2016年1月,《科学报告》发表的一项研究Multi-decadal trends in global terrestrial evapotranspiration and its components展示了近几十年全球陆地蒸散量及其组成成分的变化趋势。过去的研究表明陆地蒸散量在近几十年间持续减少,然而,新的诊断模型对过去几十年地表蒸散量的推测得到了相反的结果。

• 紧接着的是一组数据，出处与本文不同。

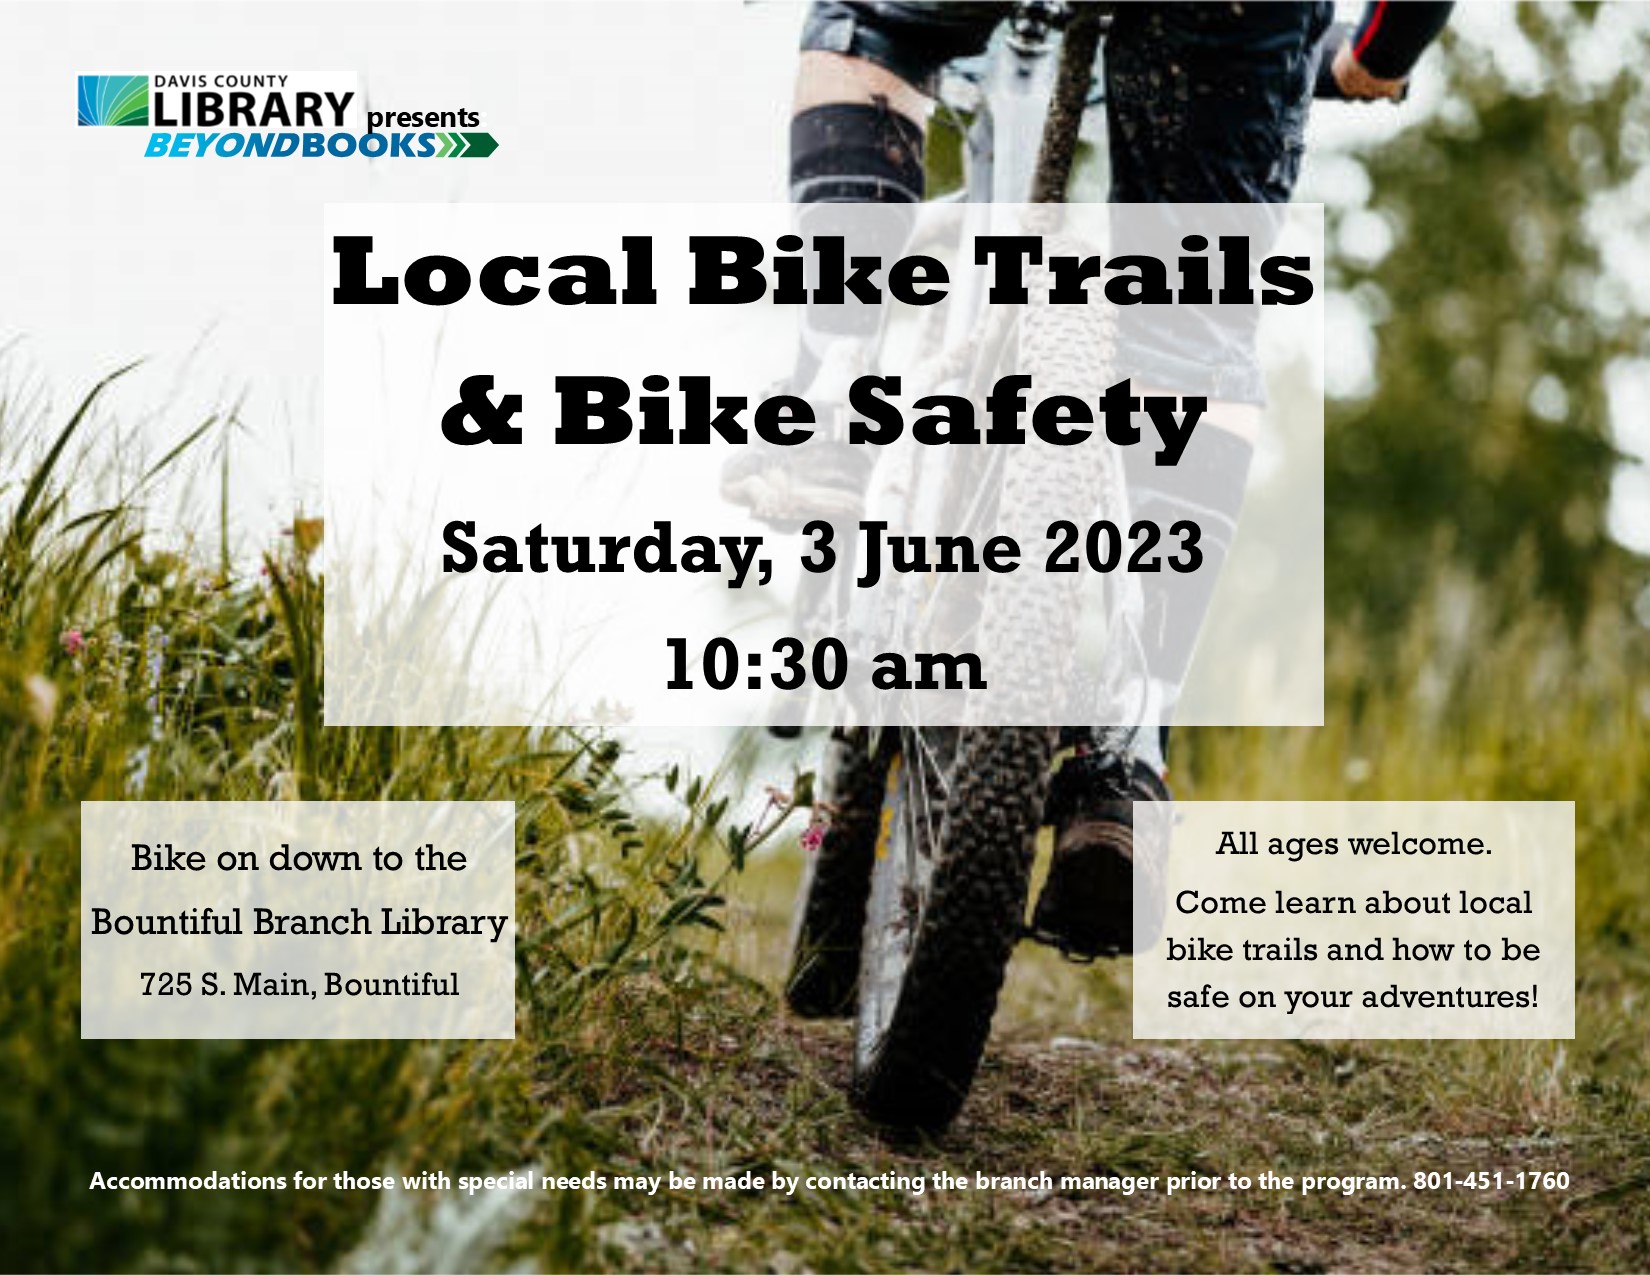 Bike trail information flier

蒸散量指的是地表液体水转变为水蒸气的量,同时也反映了地球受到的太阳辐射强度。如果没有蒸散过程,地球的温度将会升高,因此蒸散量对于预测地球温度的变化至关重要。
澳大利亚联邦科学与工业研究组织(CSIRO)的张永强及其同事建立的新诊断模型将陆地蒸散量分为了三个组分:植被蒸散量(Et),植被所拦截降水的蒸散量(Ei)以及土壤蒸散量(Es)。根据新诊断模型对1981-2012年间地球每日蒸散量的模拟,前两者增加的量超过了土壤蒸散所减少的量,使得地球的地表蒸散量总体显著增加。植被叶面积指数(LAI)的升高使得蒸散量的不同组分表现出了相反的变化趋势:Et的增加量大约是Es的减少量的两倍。然而,大部分的CMIP5模型却没有模拟出这样相反的变化趋势。这提醒我们在预测地球能量和水循环变化的过程中,应突出真实反映植被变化的重要性。(来源:科学网)